KLCCP Stapled Group has reported a revenue of RM267.2 million for the second quarter of financial year 2020, lower by 24 percent Year-on-Year (YoY) whilst Profit Before Tax (PBT) dropped by 30 percent to RM163.8 million due to the sharp decline in the performance of the hotel and retail segments, arising from the unprecedented Covid-19 outbreak and the Movement Control Order which commenced from since March 18.
For the cumulative six-month period from January 1 to June 30, the Group recorded a revenue of RM621.8 million, lower by 11.7 percent as compared to the first half of 2019 while PBT dropped 16.4 percent to RM396.1 million.
“As a solutions partner, we have been supportive towards our affected tenants at Suria KLCC by extending rental assistance to ensure business continuity and sustainability. The full re-opening of our businesses is showing a positive trend towards recovery and we will continue our focus to regain the momentum to continue to create long-term value for our holders of Stapled Securities,” said Hashim Wahir, Chief Executive Officer, KLCC Property Holdings Berhad
For the second quarter 2020, KLCCP Stapled Group’s distributed 7.50 sen per stapled security, reflective of the overall performance of the Group for the second quarter 2020. This amounted to a total dividend payment of 15.80 sen for the first half of 2020.

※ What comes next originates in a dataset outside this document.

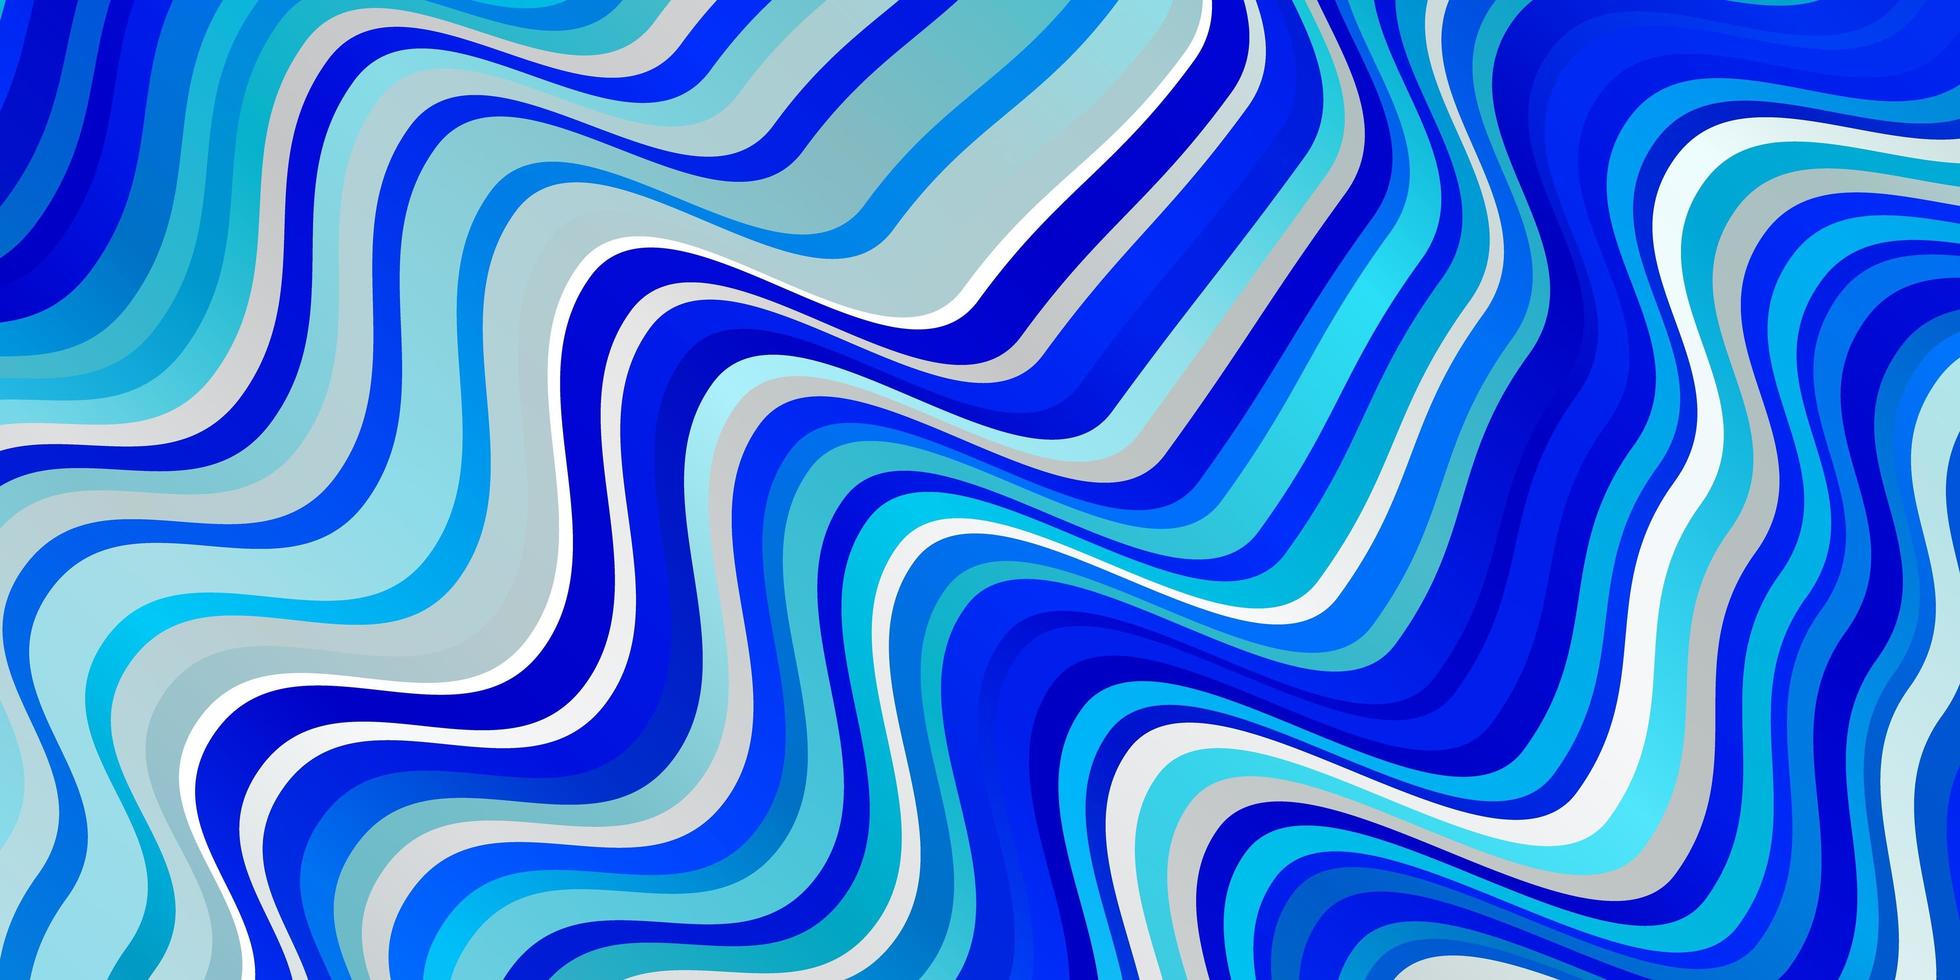 modello vettoriale azzurro con linee ironiche

The office segment comprising the Petronas Twin Towers, Menara 3 Petronas, Menara ExxonMobil and Menara Dayabumi, remained resilient, underpinned by its full occupancy and long-term locked-in leases.
The segment recorded a marginal increase in PBT to RM121.1 million with stable revenue of RM149.1 million as compared to the corresponding quarter.
The retail segment, represented by Suria KLCC and the retail podium of Menara 3 Petronas were impacted by the prolonged MCO which resulted in a decline in revenue and PBT of 41.4 percent and 50.0 percent respectively.
This was mainly due to the provision of rental assistance to tenants in respond to the MCO and lower internal digital advertising income. To-date, Suria KLCC has fully resumed operations and is focusing on efforts in driving customer footfall and tenant sales.
Through its various rewards programmes with active tenant participation, Suria KLCC is seeing a gradual but steady growth in footfall, in line with the market and anticipates the pick-up to further improve upon the return of all surrounding office tenants as well as the re-opening of the borders for international travel.
In the hotel segment, the severe impact from Covid-19 resulted in Mandarin Oriental, Kuala Lumpur (MOKL Hotel) recording a YoY decline in revenue of RM38.4 million which led to a loss of RM20.4 million.
In compliance with the MCO, the hotel scaled down operations, limiting it to only essential services for existing guests. The enforcement of the MCO, coupled with the global travel restrictions and cancellations and postponement of meetings, incentives, conferences and exhibition (MICE) events have led to a sharp decline in occupancy and demand for event space.
Since the resumption of business in May 2020, MOKL Hotel has seen encouraging return of its customers and hotel guests with the re-opening of restaurants, spa, fitness centre and its meeting facilities. In keeping with the momentum, MOKL Hotel continues to intensify digital marketing efforts to capture domestic tourism through locally designed staycation packages and advance purchase promotions to further strengthen brand exposure.
The management services segment comprising facility management and car parking management services recorded an increase in revenue of 13.7 percent mainly from the new business approach in facility management. However, PBT saw a reduction of 17.5 percent arising from the lower income from car parks due to the significant reduction in transient parking during the MCO.
The Group expects the performance of the office segment to continue to remain stable backed by the long term tenancies. While the re-opening of Suria KLCC has recorded a positive sales turnover in the month of June, the Group remains cautious, noting the diminishing consumer’s spending power as a result of increasing unemployment rate and the surrounding offices have yet to fully reopen.
The Group opine that the retail segment will remain challenging for the rest of the year. The hotel segment, meanwhile will continue to be affected as Malaysia’s border remain closed with large gatherings and events still restricted. The Group expects the hotel segment will continue to operate in challenging environment in the second half of the year.